The Halo Movie That Never Was

A dropship coming off the production line

I just read a very interesting article over at Birth Movies Death about Halo. The article says that the first attempt at putting Halo on screen, originally slated for 2008, involved writers Alex Garland (Annihilation) and D.B. Weiss (Game of Thrones), and would have been directed by then-unknown Neill Blomkamp, whose skill with visual effects primed him for such an effects-heavy project. That project fell through, but the props and vehicles built by Weta Workshop were used in a 2007 live-action Halo 3 promo called Halo: Landfall.



The Halo: Landfall promo is on YouTube, lasts a little over five minutes, and it is interesting for how good it looks, while at the same time how boring and confusing it is. There is so much potential here, and the beginning is actually very strong, so it is a shame it couldn't have carried this high quality through to the end. The video, as it stands, is a weird mix of game trailer and something better, that could have worked as a short film with just a little more work.



I write sci-fi, and there is a lot of military action in it. The books I write belong to a series called Dark Galaxy, which starts with Galaxy Dog. Here are the first two lines of Galaxy Dog's blurb:

What starts as an ordinary invasion of an alien planet brings to light an ancient archeological site of huge importance. A young man called Knave makes a life-changing discovery there and rises from a lowly position as an infantry trooper to become a player among the powers of the galaxy.

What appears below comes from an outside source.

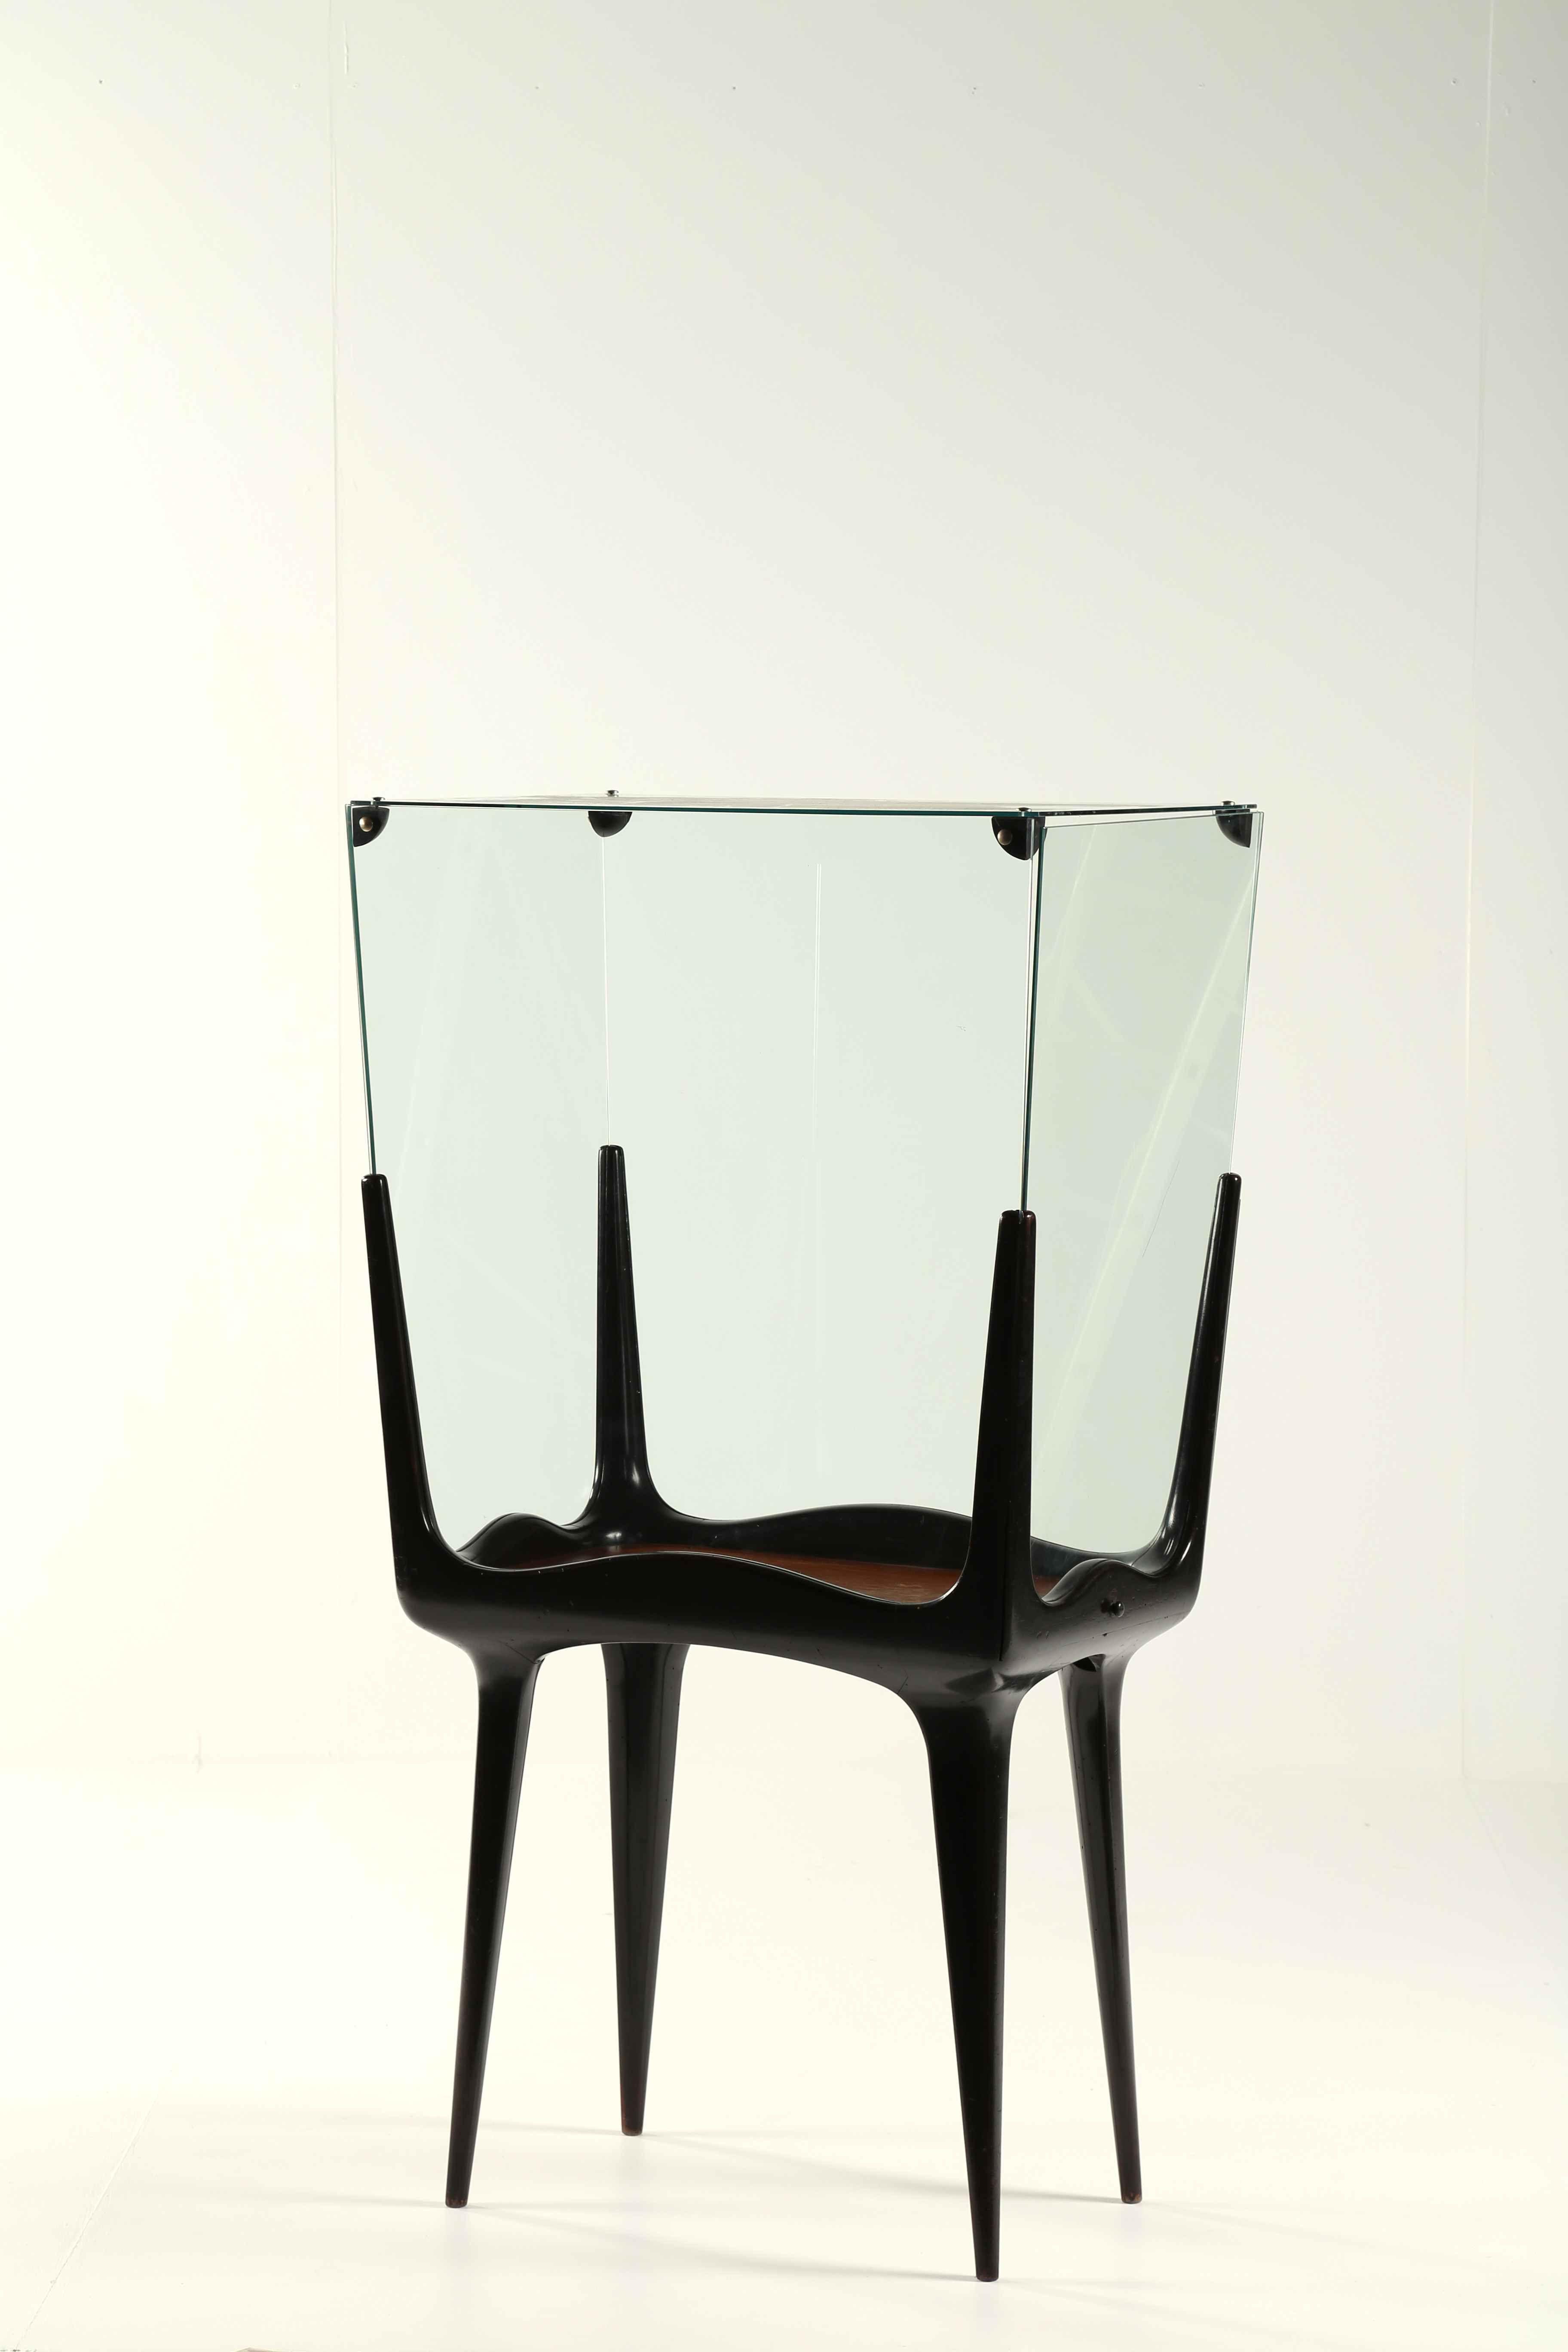 M :: Gianni Saibene; Ebonized Wood, Glass and Brass Display Case by Lussana, 1950s.

As you can see, I am not averse at all to sci-fi taking on war and battle as subject matter or motifs.



In the opening section of Halo: Landfall we get to see a close up view of the future soldiers, along with their guns, armor, and vehicles all being manufactured on enormous robot construction lines. When I first saw these images, for a second, it was difficult to tell if the shots of combat vehicles being assembled weren't just from archive footage of present-day automobile production lines. This part is great, in my opinion. It says something about the industrialization and commodification of war, taken to extremes in the future.

Then the soldiers and all their equipment are dropped into what looks like a paintball zone, and the plot promptly degenerates to something similar to what would happen if you gave an eight year old some cool toys to play with in a sandpit. There are four or five actors, who run around aimlessly, saying random militaristic and macho things, while shooting at some SFX monsters that we are only allowed to glimpse. It's a confusing mess, where no goals or obstacles are established, and we don't really even have any idea of the geography of what we are looking at.

It is hard to see what the aliens look like, from the motion blurred views lasting fractions of a second that we are given. I got the impression that they are like taller, fatter wookies in armor. It was impossible to tell how much of a threat each one presented, and so, as a cinematic experience, even the limited combat we see is extremely unsatisfying.

The equipment used by these future soldiers is also curiously antiquated. There are no drones or robot units, and the only military vehicle used is a kind of dune buggy. Even the armor worn by the combatants is just panels of what looks like Kevlar held on with elastic straps. It is filmed to resemble footage captured in current war zones, such as Afghanistan or any of the other places the US has boots on the ground, and it is too successful. There is nothing futuristic about the images, except that the hovering support vehicles are not helicopters - they are some kind of VTOL jet things.



Combat is an integral part if a lot of sci-fi - my favorite franchise, Star Wars, includes it right in the title - but this is very definitely not the way to do it. The best stories that involve war are not about the making of war, they are about something bigger and more important, or something more intimate and personal, or both. This short film comes closest in the shots of the military production line at the start, where I feel it is even implied that the soldiers are manufactured, like clones perhaps. They are barcoded on the back of the neck, and presumably tracked like any other piece of equipment.

This isn't a movie, of course, or even a TV show, it's just an extended promo video for a computer game. With a script by the writer of Annihilation, and if Neill Blomkamp happened to be playing to his strengths, this could have been an interesting movie. It's a shame all we have of it are the 3D models reused in this short video.